First Case Studio
Rebranding for a Fintech Startup
Building trust through visual identity redesign
Payment platform for influencer marketing collaborations
1. Identifying the credibility crisis
The company was launching a PayPal-like payment tool for brands, agencies, and influencers. Despite having a solid product idea, the inconsistent brand identity made every ad and social post look like a scam, actively damaging trust with potential clients in an industry where credibility is everything.
I identified this issue within my first two months as Junior UX/UI Designer and convinced the partners to explore rebranding options, despite initial resistance.
2. From rejection to approval
Initial approach: Led a team of 2 design interns to develop 3 rebranding concepts after researching fintech competitors.
Pivot: First proposals were rejected as "too bold," but the presentation convinced partners the current identity was hurting business.
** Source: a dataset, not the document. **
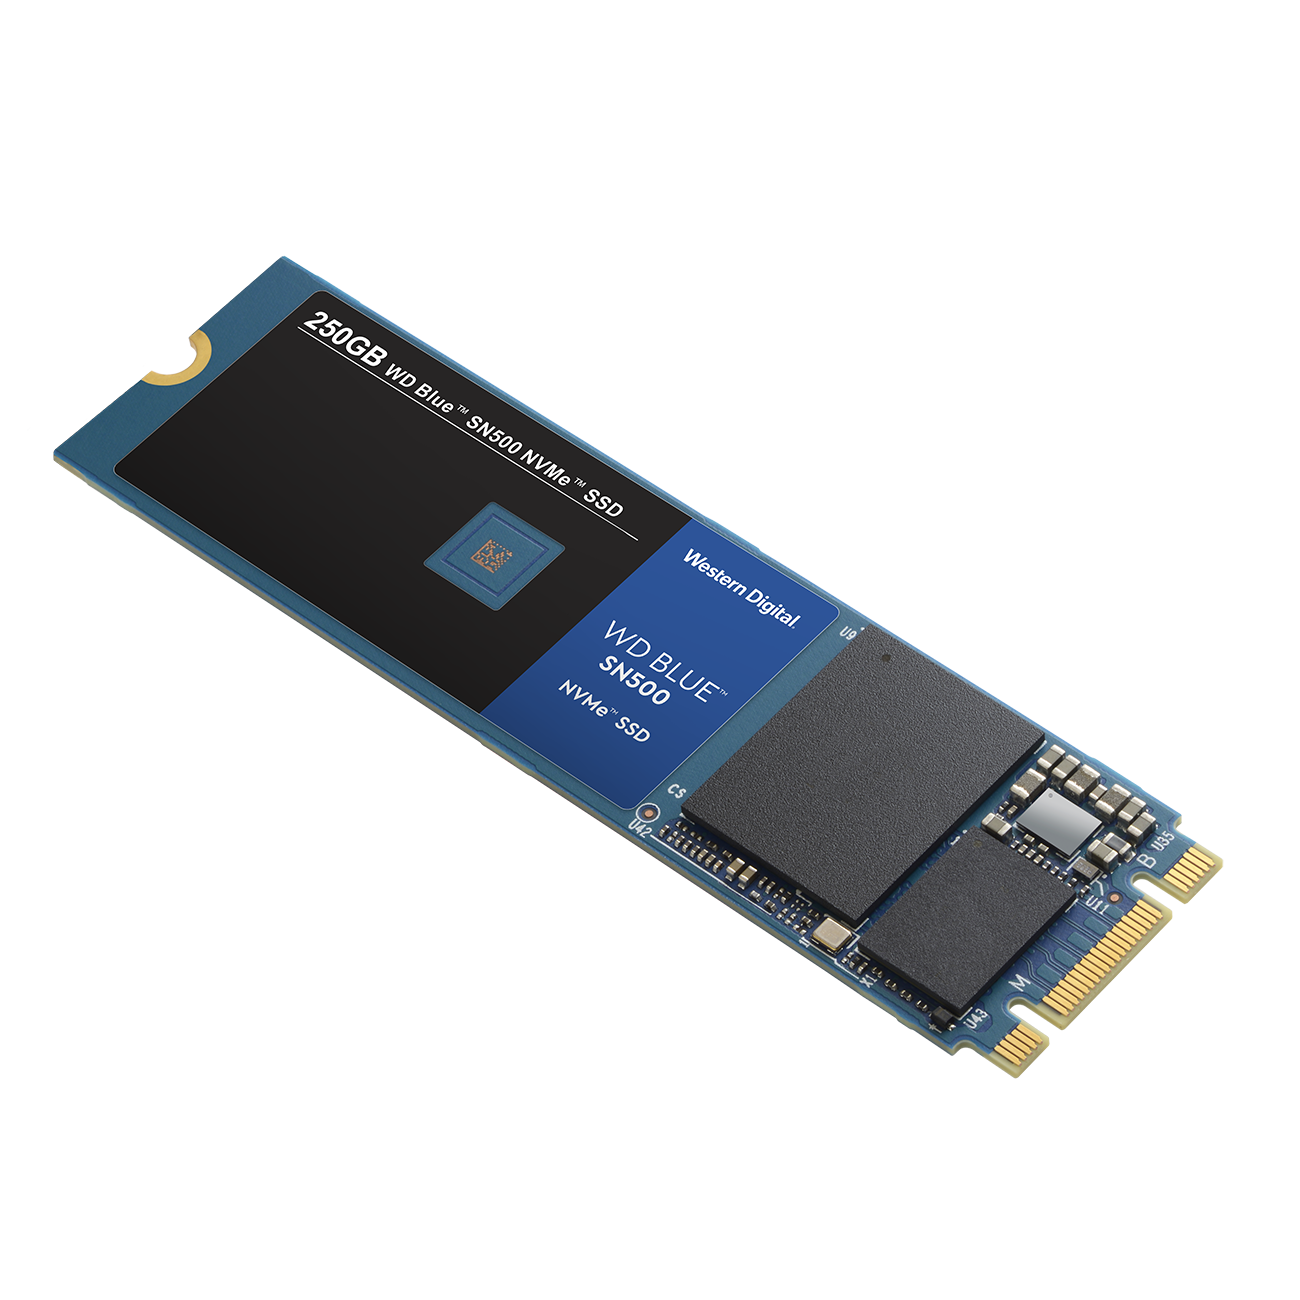 Western Digital 利用 WD Blue 較為親民的定位,推出採用 PCIe 3.0 x2 NVMe 介面規範的 WD Blue SN500 NVMe SSD,預計推出 250GB、500GB 容量版本

Given one week to create a new proposal maintaining some existing elements while solving credibility issues.
Result: Final proposal was approved and praised by the initially skeptical partners.
Timeline: ~2 months from pitch to approval, plus several months for implementation.
3. The new system
Complete visual overhaul:
- Logo: Scalable, flat-color design with horizontal, vertical, square, and circular versions.
- Color palette: Web-safe colors with defined usage percentages, reduced scattered usage to structured system.
- Typography: Standardized from 6-7 inconsistent fonts to 2 typefaces.
- Asset library: Icon and image libraries for consistent marketing.
Impact:
- Approved by initially resistant partners who later congratulated the team.
- Positive external feedback from clients and industry.
- Notable improvement in social media and website reputation.
- Established visual credibility appropriate for fintech.
4. How I led this change
Strategic advocacy: Built the business case for rebranding and convinced skeptical stakeholders through narrative-driven presentations.
Team leadership: Directed two design interns throughout the process.
End-to-end execution: Led research, concept development, iteration, and final design Implementation: Created brand guidelines and asset library for company-wide rollout.
Implementation: Created brand guidelines and asset library for company-wide rollout.
5. Key takeaways
About stakeholder management:
- Compelling storytelling gets buy-in where good ideas alone don't.
- Aim higher than expected acceptance—feedback brings you down.
About the process:
- I over-polished early sketches fearing dismissal. I'd now trust the iterative process more.
About myself:
- I identify problems others overlook and advocate for change despite resistance.
- Rejection stings but I consistently bounce back with stronger ideas.
- I'm capable of leadership and persuasive communication when prepared.
Second Case Studio
Zexel Pay: Designing for 3 User Types with Competing Needs
Building usability through strategic architecture
Payment platform for influencer marketing collaborations
1. Recognizing the Multi-User Problem
Zexel Pay started from scratch. Initially designed for one user type (companies manually entering payments), stakeholders wanted to cram all functionality into a single interface for everyone. I identified this would create overwhelming noise.
Each user had different jobs-to-be-done: Companies: Process bulk payments, consolidate thousands of invoices Influencers: Get paid quickly with minimal effort Admins: Oversee entire payment flow
My decision: Separate experiences based on primary jobs: sending money vs. receiving it, rather than one bloated interface.
2. Advocating for profile separation
Filtered insights from unclear stakeholder meetings across product, dev, and marketing teams. Proposed distinct profiles instead of universal interface.
Created extensive information architecture maps and user flows. Developed prototypes while learning Figma, facing resistance from stakeholders unfamiliar with design process. Conducted usability tests, identified issues, and iterated.
Timeline: First designs in three months, stable version in nine months.
3. Three task-focused profiles
Company: LCSV upload, batch management, single consolidated invoice, payment monitoring.
Influencer: Simple payment requests, invoice upload, minimal streamlined interface.
Admin: Combined capabilities with full permissions and oversight.
Each user saw only relevant features, reducing cognitive load.
4. Leading as sole designer
- Identified multi-user problem and proposed solution.
- Translated between teams and converted input into requirements.
- Created all information architecture, flows, and designs.
- Designed reusable component system for junior developers.
- Made prioritization decisions to unblock work.
5. Key takeaways
Multi-user design:
- Task-aligned interfaces beat feature buffets.
- Design reusable components with user-specific variations.
Product design:
- Balance business goals, technical constraints, and user needs.
- Translation between teams matters as much as visual work.
What I'd do differently:
- Trust judgment earlier, learn metrics tools sooner, polish less in early stages.
About myself:
- I blend creative and analytical thinking, see details and big picture, stay resilient, and advocate effectively.